Euro Falls for Eight Week

The most important event this week turned out to be the monetary policy of the European Central Bank. Analysts expected it to be uneventful, but they were completely wrong. The resulting shock sent the euro down. While the currency managed to retain some of its gains versus the Great Britain pound by the weekend, it fell against most other major counterparts. It was euro’s eight week of losses versus the US dollar.
While market participants were expecting monetary easing from the ECB sometime in the future, they were not anticipating that the central bank would act so soon. The resulting shock sent the euro down against all other most-traded currencies, the reaction that was very likely welcomed by ECB President Mario Draghi, who wants to see the currency weaker.
Another shocker this week was the release of US non-farm payrolls.
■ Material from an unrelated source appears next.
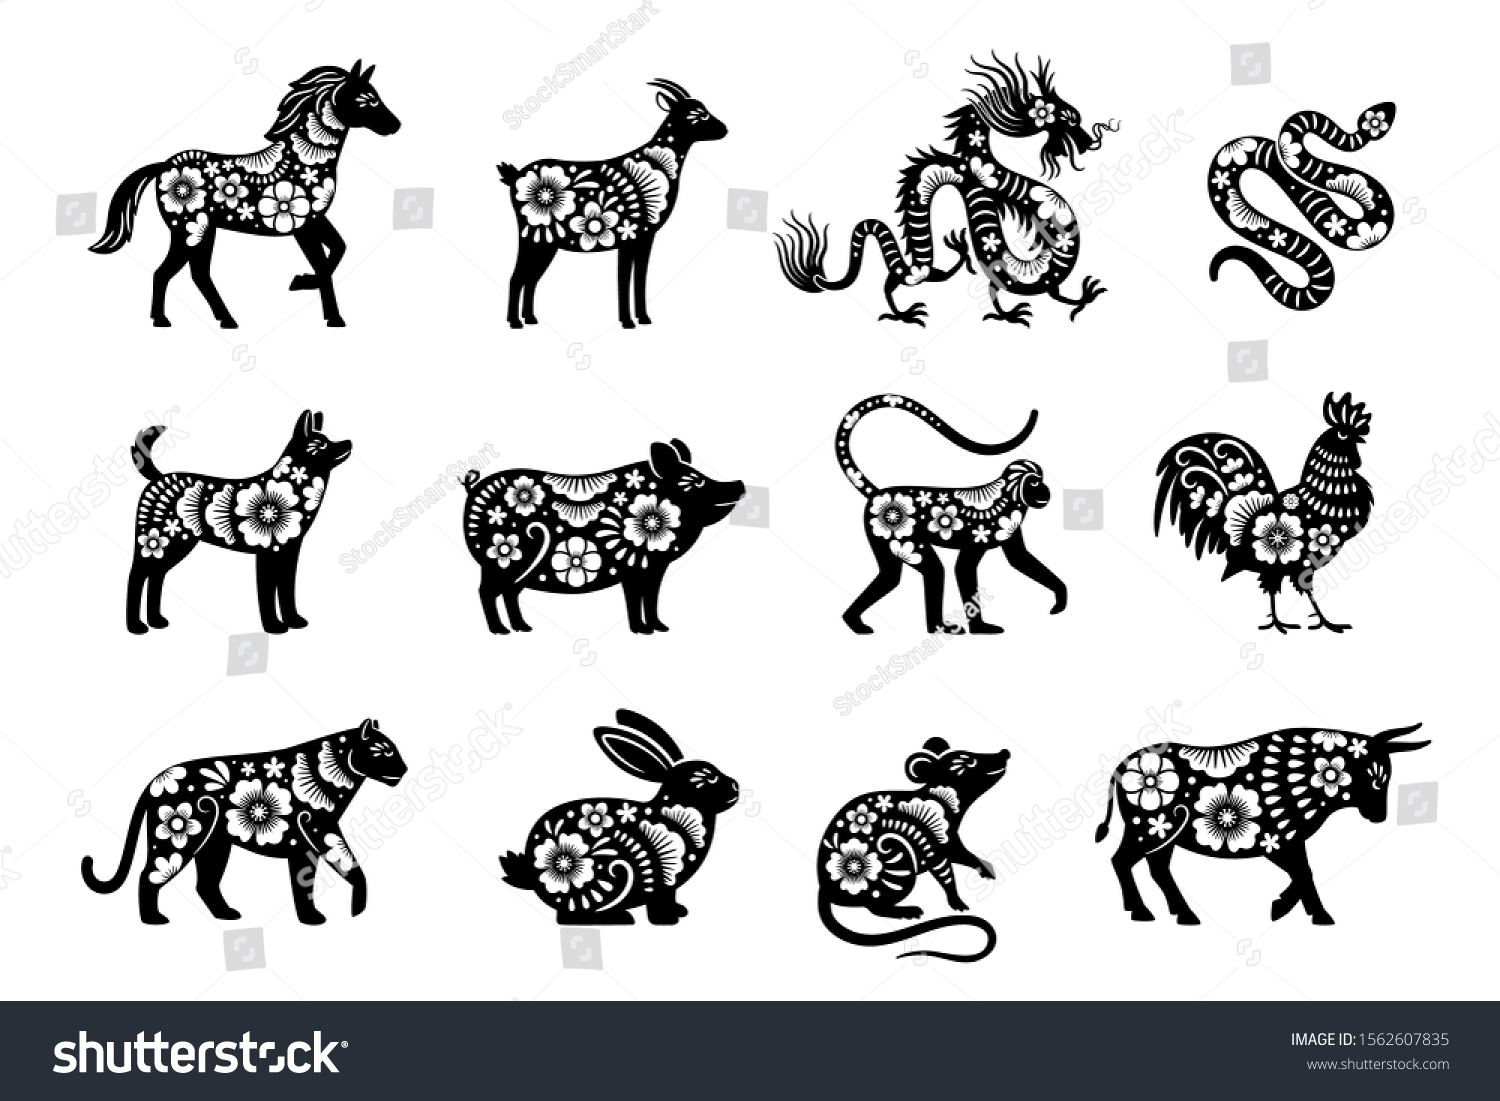 SVG of Traditional chinese horoscope with flowers. Chinese new year animals set, tiger and snake, dragon and pig vector mascot drawings with flora patterns svg

Economists were anticipating another month of robust employment growth, but the actual report was very disappointing. It allowed the euro to bounce halt decline and bounce a little, yet the impact of the data was not as strong as one might expect.
The sterling, another European currency, was even weaker than the euro due to the upcoming referendum about independence of Scotland.
EUR/USD sank from 1.3129 to 1.2951 (1.4 percent) this week. EUR/JPY fell from 136.78 to 136.10, retreating from the weekly high of 138.28. EUR/GBP rallied from 0.7925 to 0.7957 during the week but retreated to 0.7931 by the weekend.